It is widely known that the short-term prognosis of MDA5+DM-ILD patients is poor (18). Accurate prediction of MDA5+DM patient outcomes is a key issue in clinical practice. In this study, we established a computer-aided lung interstitial image analysis approach. ELVAR was obtained by calculating the proportion of areas outside the lung interstitium in lung tissue that can indirectly evaluates the severity of lung interstitial lesions. Our results showed that ELVAR values in MDA5+DM patients who died within 3 months after diagnosis were significantly reduced than those who were survival after 3 months. ROC analysis and correlation analysis about value of ELVAR showed that ELVAR values have good predictive power for 3-month mortality and widely correlation with many clinical indices, which indicates that it may be a powerful tool for clinicians to evaluate poor outcomes in MDA5+DM-ILD.

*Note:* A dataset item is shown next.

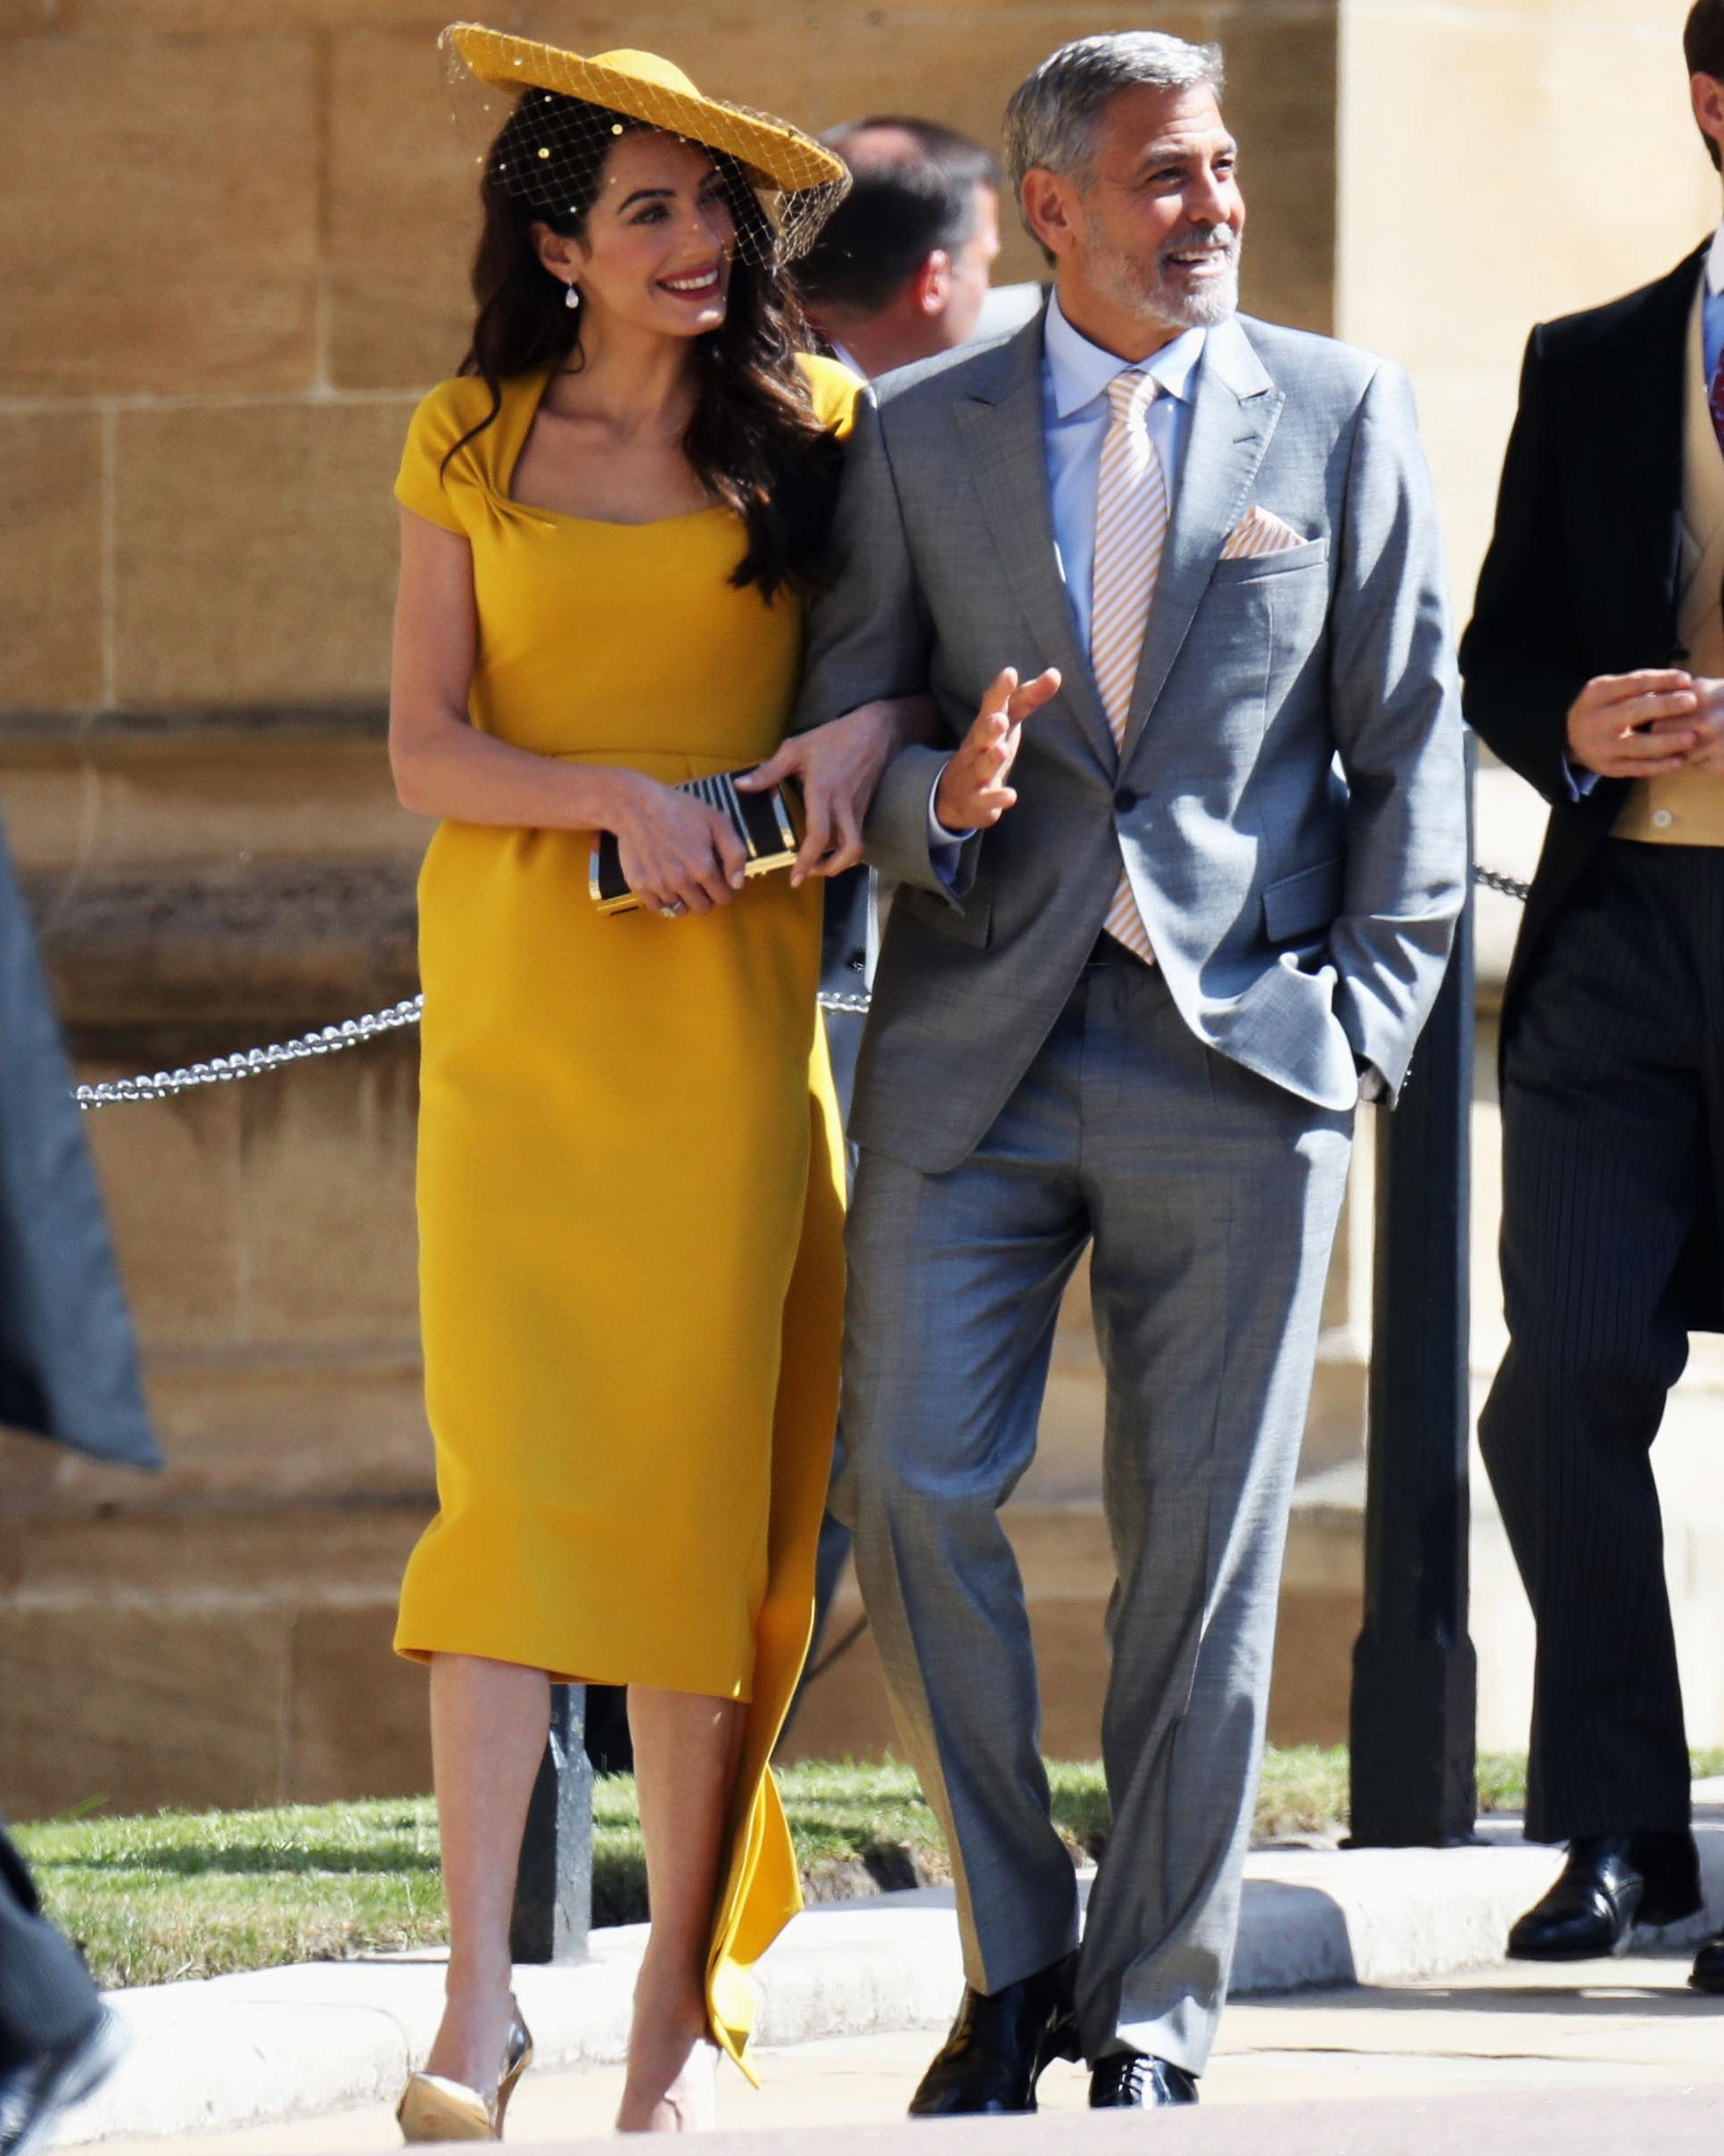 Oprah At Prince Harry Wedding.Royal Wedding Celebrity Guest Arrivals Include Suits Stars Oprah

Recently a variety of lung segmentation methods have been advanced (19). According to the different segmentation features used, lung segmentation methods can be divided into threshold-based methods (20), region-based methods (21), and shape-based methods (22). However, these methods had different degrees of partial lung tissue loss. A recent study used deep learning and feature learning to obtain better segmentation results by training with large samples (23). Software package named “CT Pneumonia Analysis” applying in the similar mechanism was used in study by S Ye recently (24). Our design idea was to extent different. We considered deep learning above cannot guarantee the accuracy results for inconsistent diagnosis of complex images and was not feasible for rare diseases such as MDA5+DM. We proposed another lung tissue segmentation method that was suitable for CT images of interstitial lung disease. The lung edges produced by our method were more accurate than those of above mentioned traditional methods (25). The outstanding feature lying in our computer-aided analysis of lung HRCT were outer boundary of binary lung tissue region images selected by Laplace operator and interstitial enhancement generated according to curvature feature of lung interstitium. Because our imagine analysis had based on high density structure from HRCT, we can apprehension that imagine of normal lung interstitium and abnormal imagine including consolidation, reticulations, septal thickening, ground glass opacities, nodules, bronchiectasis, honey combing, cysts could be detected and analysis (26). Because ELVAR was defined with the formula of (L–I)/L (L was the total number of lung voxels and I was the total number of interstitial voxels), which could easily be understood that the level of ELVAR was negative correlation with the scope of abnormal lung interstitium, i.e., high value of ELVAR meant less scope of interstitium and high ventilation, however, the lower value of ELVAR referred to large scope of interstitium and low ventilation which possible indicted poor disease outcome. Finally in our single-center retrospective study, we calculated that value of ELVAR in healthy controls was 0.938 while cut off value of ELVAR by ROC analysis in MDA5+DM-ILD was 0.835. Patients with low ELVAR values (<0.835) had a 54.2% chance of dying within 3 months, which may be valuable for clinicians to administer more active treatments in these patients.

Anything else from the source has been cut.